Long Answer: We use what is known as the Xerox Production Path. It is a name that describes the process of getting a document from you, to printing it, to giving it back to you. Part of this path includes a program called DigiPath. This program is used to import your native PS / PDF / TIF files. Once they are imported, DigiPath has a page numbering capability that will do numbering in roman (i. ii. iii. etc.. I. II. III.etc...) or normal (1. 2. 3. etc..). DigiPath allows us to change the style of page numbering with in the book, but it will not let us have different positions for page numbers with in sections of a book. For instance, if you want page numbers on the non-binding edge of the page in the lower right corner, ALL page numbers will be in that position. You can have mixed roman / normal numbers within sections.

6. How do I get my files to you? They are huge!

Any number of solutions:

  1. CD ROM - Burn the file to as many CDs as it takes and bring it in.
  2. ZIP Disks - We support Mac/PC ZIP at 100MB and 250MB.
  3. Floppy - If the file is small enough, bring it in on a floppy.

Alternative Options:

There is a free program on the web known as WinZip. Use its DISK SPANNING feature to create files in whatever size you tell it to. It will break your larger document into as many files as needed. Copy them to a floppy and bring it to us. WinZip is then used to paste the whole document back together. This is a very stable, easy, and inexpensive way to get your files to us.

Note: If your document contains pictures and is larger than 20MB, a CD Writer or ZIP Drive might be advisable.

7. Should I use Microsoft Word or Word Perfect?

Since files will be submitted in PS or PCL5e format, any program you can use to produce these types of files is completely acceptable.
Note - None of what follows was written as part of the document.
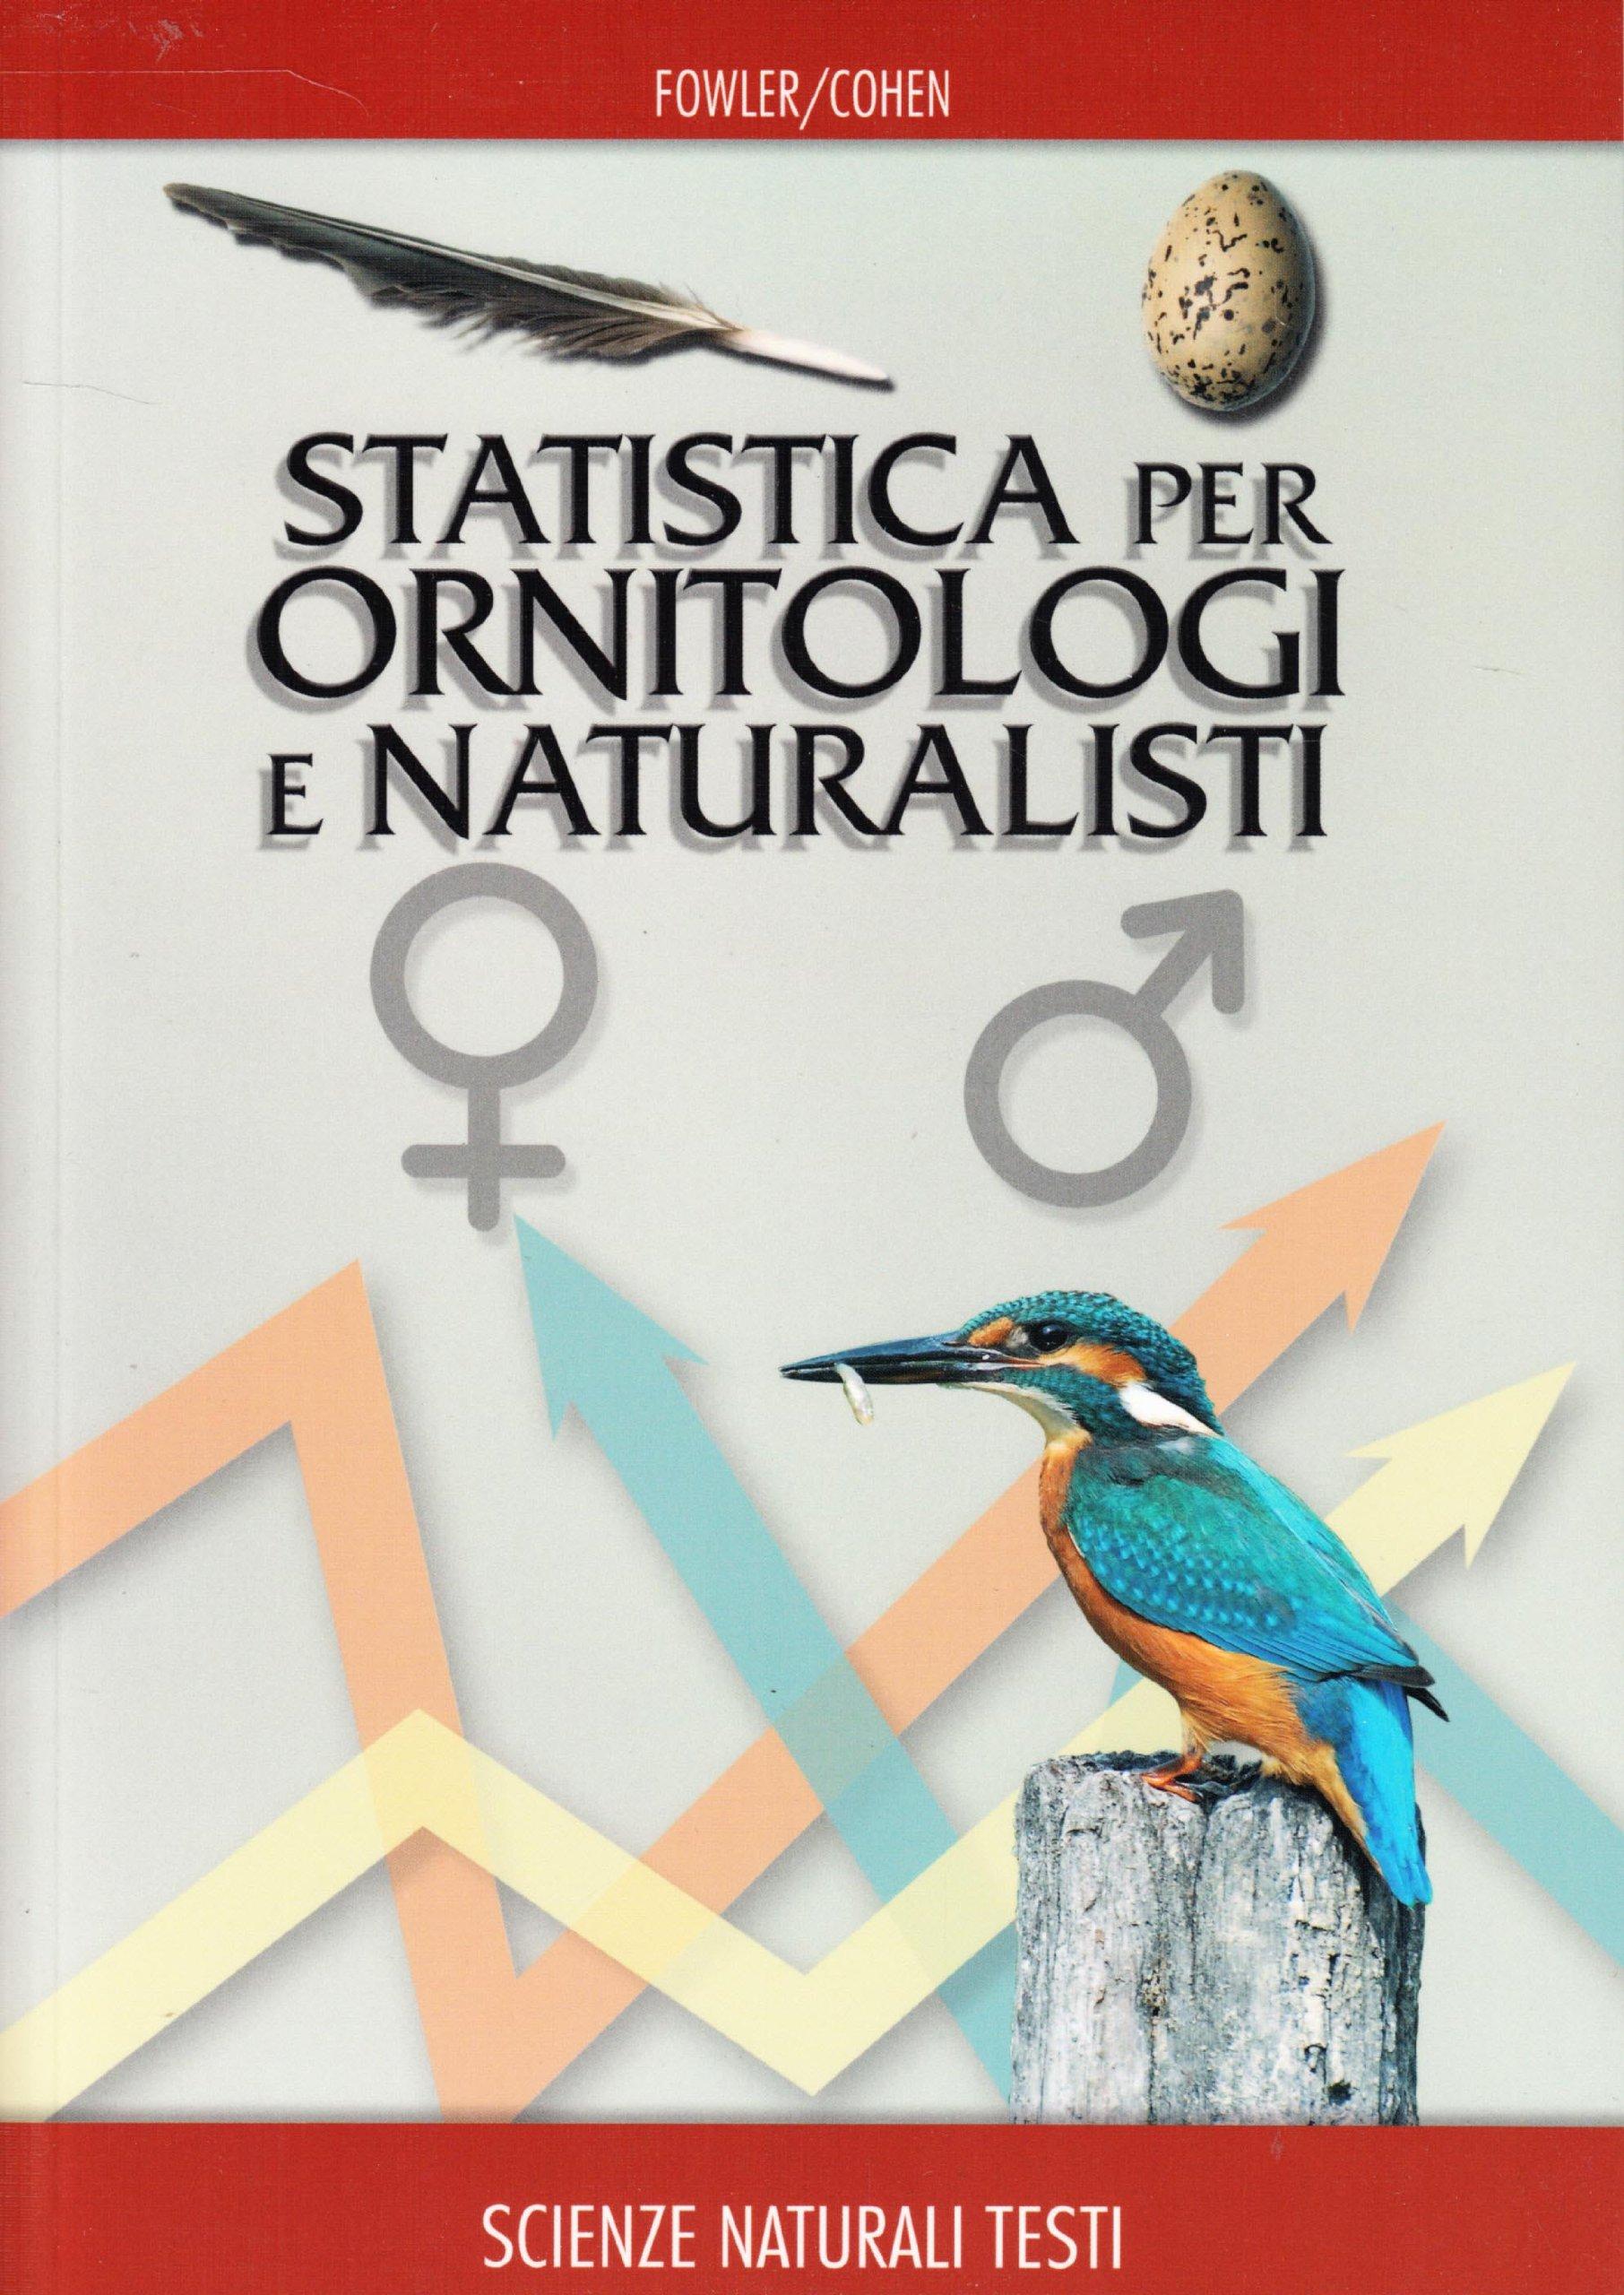 Statistica per ornitologi e naturalisti Copertina flessibile – 1 mag 2010 Jim Fowler Louis Cohen Franco Muzzio Editore 8874132220

On windows, most all type-setting and image programs have access to your printers. Install a PS or PCL5e compatible printer.

8. Do I need to do my own margin shifting for binding?

Short Answer: It doesn't matter.
Long Answer: MS Word and WordPerfect both have a PageSetup or Printing feature known as Book. Both allow you to set the margin width of the binding edge. Since this edge alternates from one side of the page to the other, this is a nice way to set it up.

Alternatively, you can create your document with normal margins and ignore the binding edge problem. Once it is imported into the software we use for printing, we can quickly add the binding margin to your whole document.

9. Why does my picture look awful when it is printed? It looks okay on my screen.

Short Answer: Never trust your computer screen.
Long Answer: Your computer screen shows 72 dots per inch. Printers print at 600 dots per inch. If you reduce your images to anything around 72 dots per inch they will look fine on your computer screen. They will, however, look awful when printed. Scan your photos at 150 - 300 dpi.

10. What margins should I use?

Anywhere from 1" to 1½" on the binding edge. Otherwise, it is completely up to you. An acceptible margin setting would be: 1½" on the binding edge. 1" on the non-binding, top and bottom edges. Try not to go smaller than ¾" on the top and bottom margins.